- Jassini Location of Jassini
- Coordinates: 4°39′36″S 39°11′18″E﻿ / ﻿4.6600274°S 39.188461°E
- Country: Tanzania
- Region: Tanga Region
- District: Mkinga District
- Ward: Mayomboni

Population (2016)
- • Total: 300
- Time zone: UTC+3 (EAT)

= Jassini =

Jassini (Kijiji cha Jassini, in Swahili) is a village in Mayomboni ward of Mkinga District in Tanga Region, Tanzania.
The village is at the border with Kenya. The town has a significant part of Tanga history as it was the battleground for the Battle of Jassin during WWI. As of 1999, the village was not accessible by motorized vehicles. In the mid-1990s, the village had a population of less than 300 composed of 30 households.
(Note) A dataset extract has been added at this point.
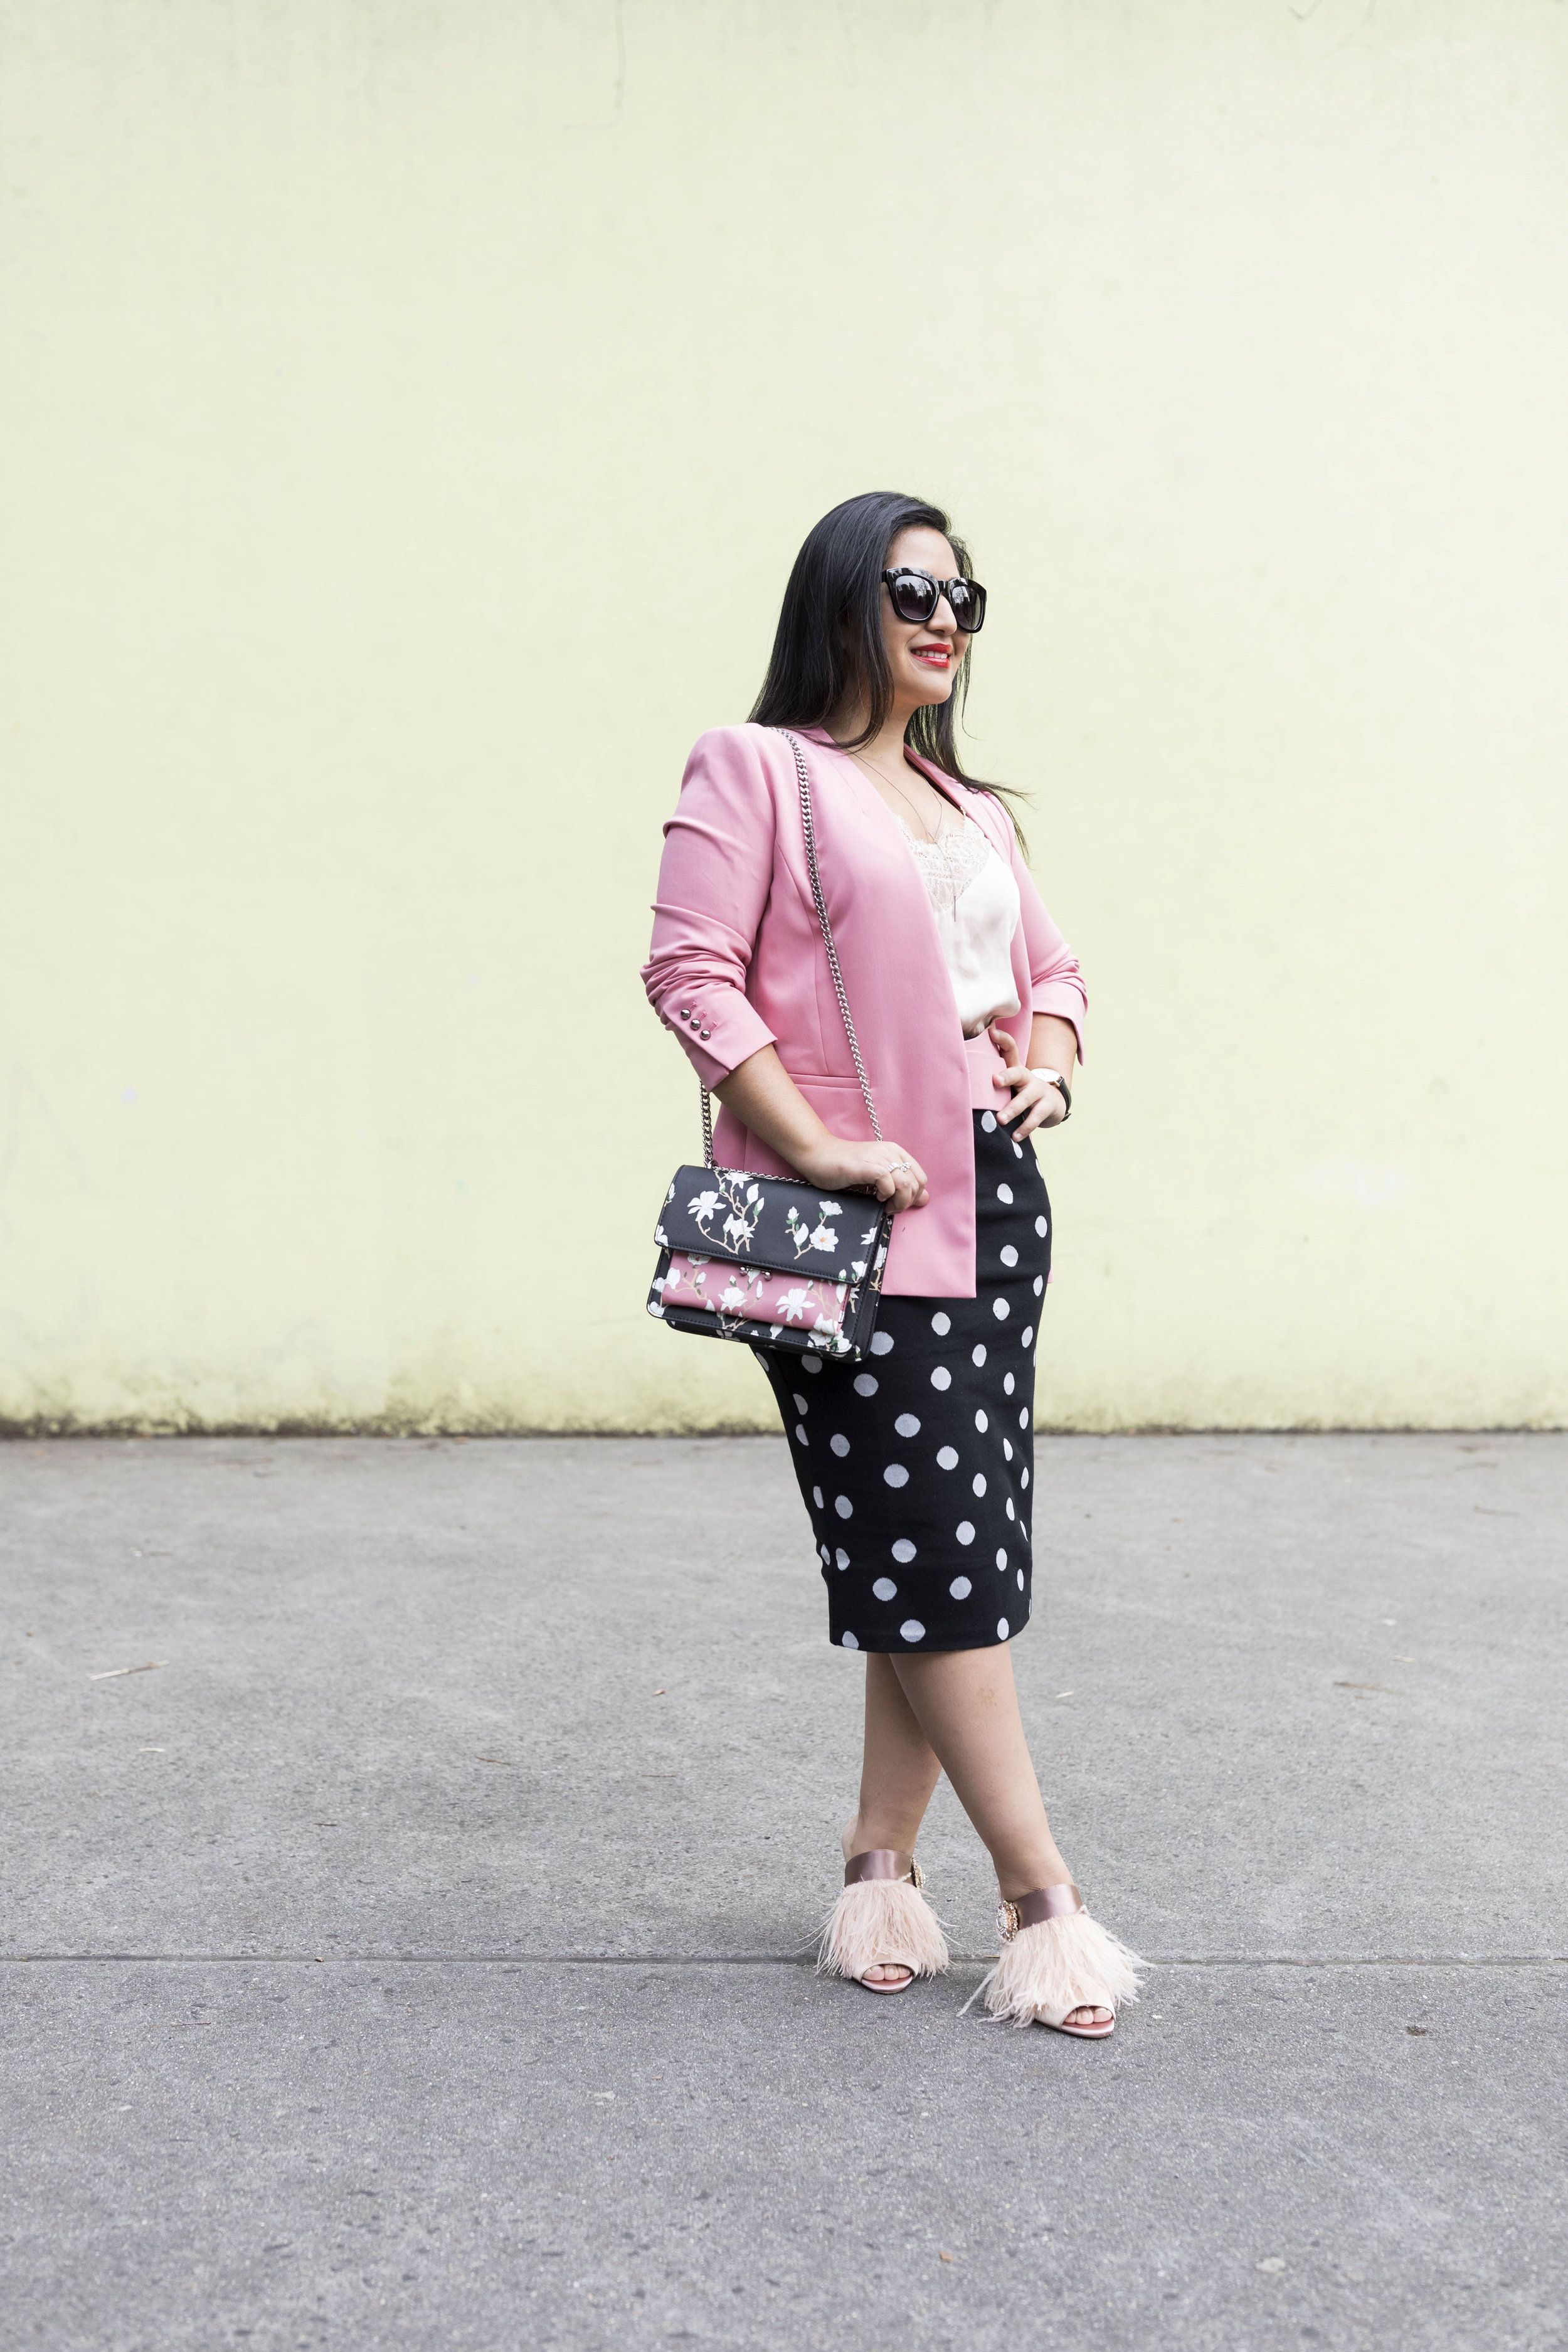 Krity S x Polka Dot and Pink Work Outfit2.jpg

==Pre-Colonial and Colonial History==
Prior to German colonization, the village of Jassini was home to the WaDigo who often fought with the Maasai. Jassini became part of German East Africa as a result of the Scramble for Africa, and the influence of German colonization was felt in Jassini in the mid-1890s when colonists pacified the region, ending conflicts between the WaDigo and the Maasai. The Germans, and later the British, introduced roads, schools, hospitals, and sisal plantations to the region. By December 1914, during World War I, British forces from British East Africa occupied the Jassini plantation. From January 18–19, 1915, Jassini was the sight of the Battle of Jassini, an attack by German forces on the British occupiers. After World War I, the territory was taken over by the British. In the 1930s, as reported by Hassan Tenga, a member of the village born in 1922, more than 200 households lived and worked on the territory. Some worked for themselves, farming or fishing, and others worked on the sisal plantations. Tenga noted that in this period "There was justice, more justice than when the chiefs made the laws; more justice than today".

==Modern Jassini==
The most notable feature of Jassini, is that it is bisected by the boundary between Tanzania and Kenya

Jassini is a self-supporting village, "importing very little, exporting virtually nothing". Villagers in Jassini grow maize, cassava, bananas, and sugar cane on household gardens. Cashews and coconuts are harvested from the remains of colonial plantations in limited quantities. Jassini is located on the coast, so the ocean provides fish for the village and the villagers graze cattle and sheep in the area surrounding the village. The village has no electricity or water supply, nor does it have any shops. Some villagers sell soap, tea, or matches.